US Navy airfield at Mare Island, California, USA

Mare Island Naval Shipyard Airfield was a post-World War 1 US Navy airfield that opened around 1922 and closed in 1937 at Mare Island Naval Shipyard in the city of Vallejo, California. The airfield was located at 13th Street & Flagship Drive on the naval base, just west of the Marine Barracks (Building M37). The airfield had a single unpaved runway for day use only. Common aircraft at the airfield were Vought FU, Vought VE-7 and Curtiss JN-4 Jenny.

The first aviation activity at Mare Island took place as early as 1919, when three Mather field Army Air Corps planes landed on and took off from the Marine Parade Ground. The first Naval aviation at Mare Island took place in August 1923, when several Navy planes arrived at the airfield while the aircraft tender Aroostook had set up some temporary hangar-sheds.

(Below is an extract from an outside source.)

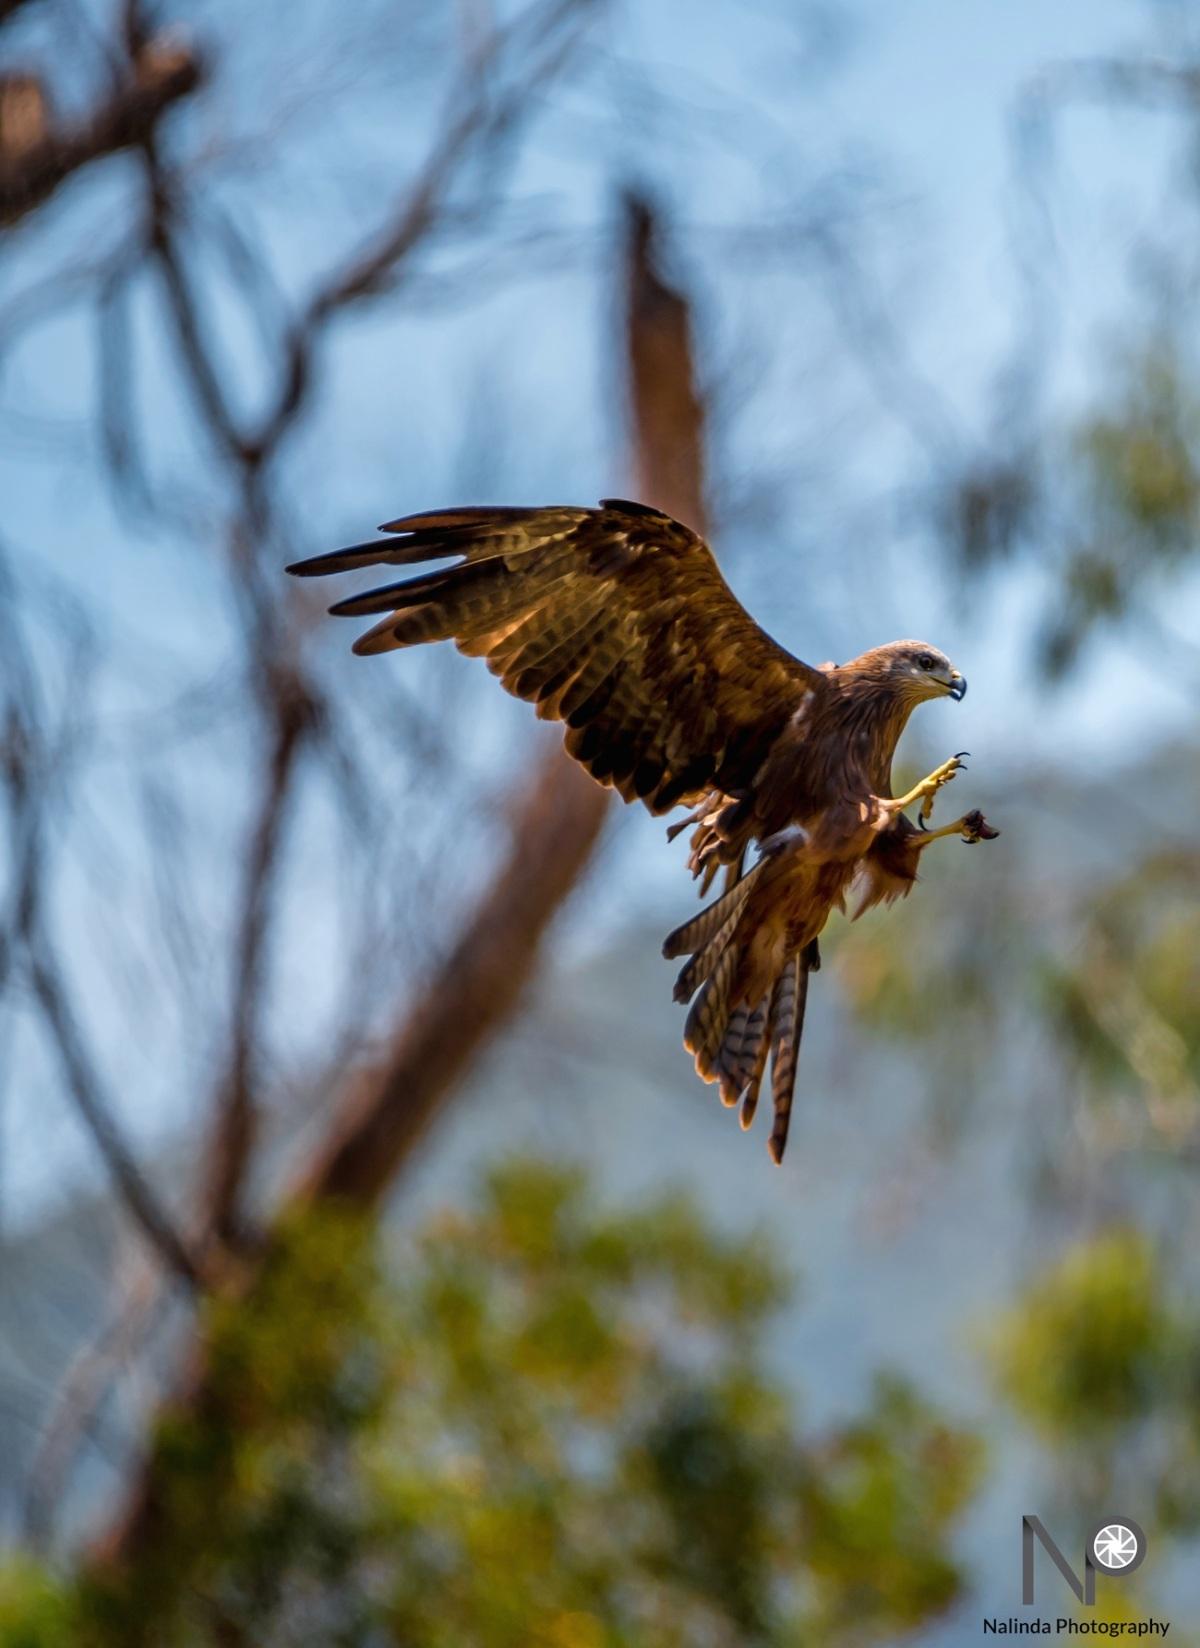 Eagle mid flight

The airbase at Mare Island was established as a support base for the first US Navy aircraft carrier, , which had her origin at Mare Island. The collier USS Jupiter, the first turbo-electric-powered ship of the US Navy, was built at Mare Island Naval Shipyard in 1912 and was later converted into the first US aircraft carrier, USS Langley, at Norfolk Naval Shipyard, Portsmouth, Virginia during 1920-1922. During the next decade and a half, she would visit Mare Island Naval Shipyard at least two times. As converted, Langley could hold up to 34 planes, but her planes need to be removed to the Airfield whenever she was at the Shipyard for overhauls or refittings.

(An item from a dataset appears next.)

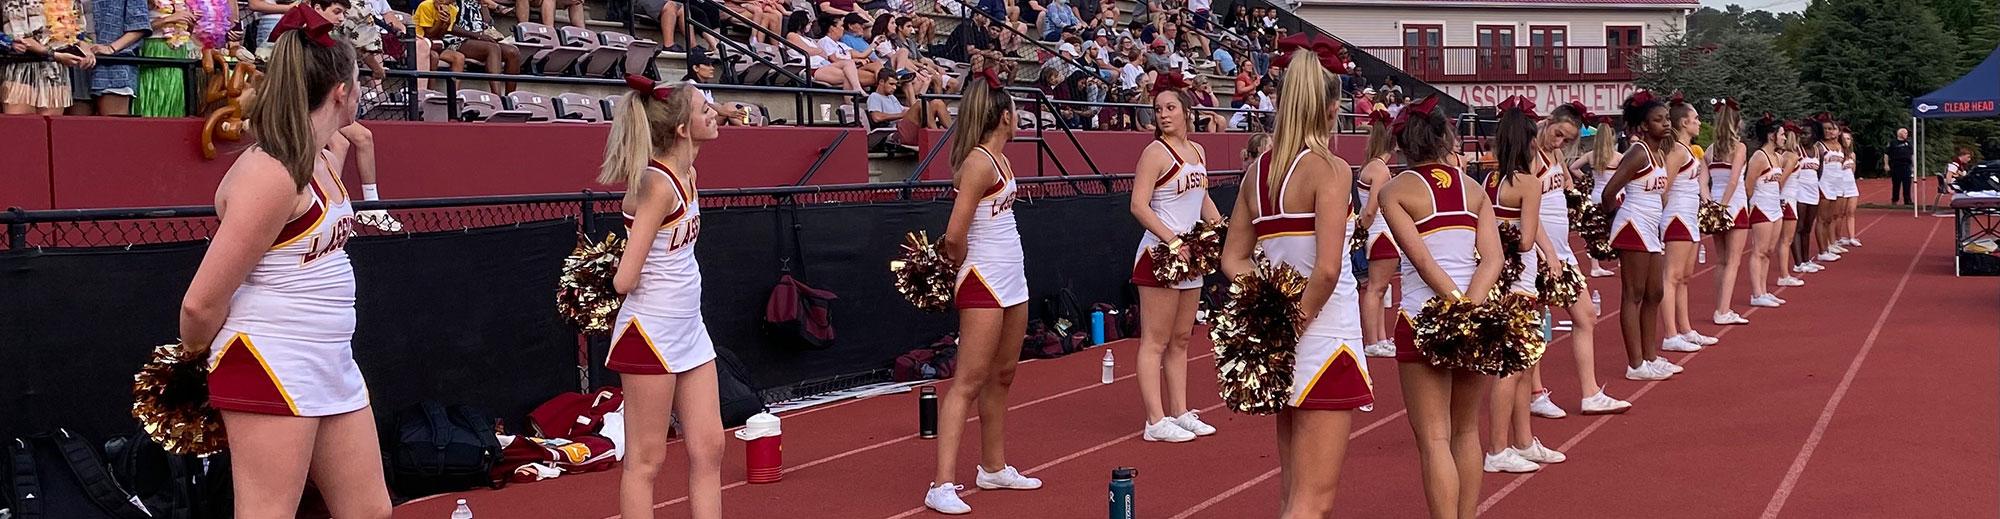 Cheerleaders standing together

Her first overhaul at Mare Island Naval Shipyard was in 1925, when her flight deck was lengthened by 23 ft and her complement of airplanes was increased to two full squadrons (36 aircraft) on deck with six more stored below. In 1928 the catapult on her front deck was removed. Langley's last visit to Mare Island Naval Shipyard was between October 1936 and February 1937, when she was converted again, this time to a seaplane tender.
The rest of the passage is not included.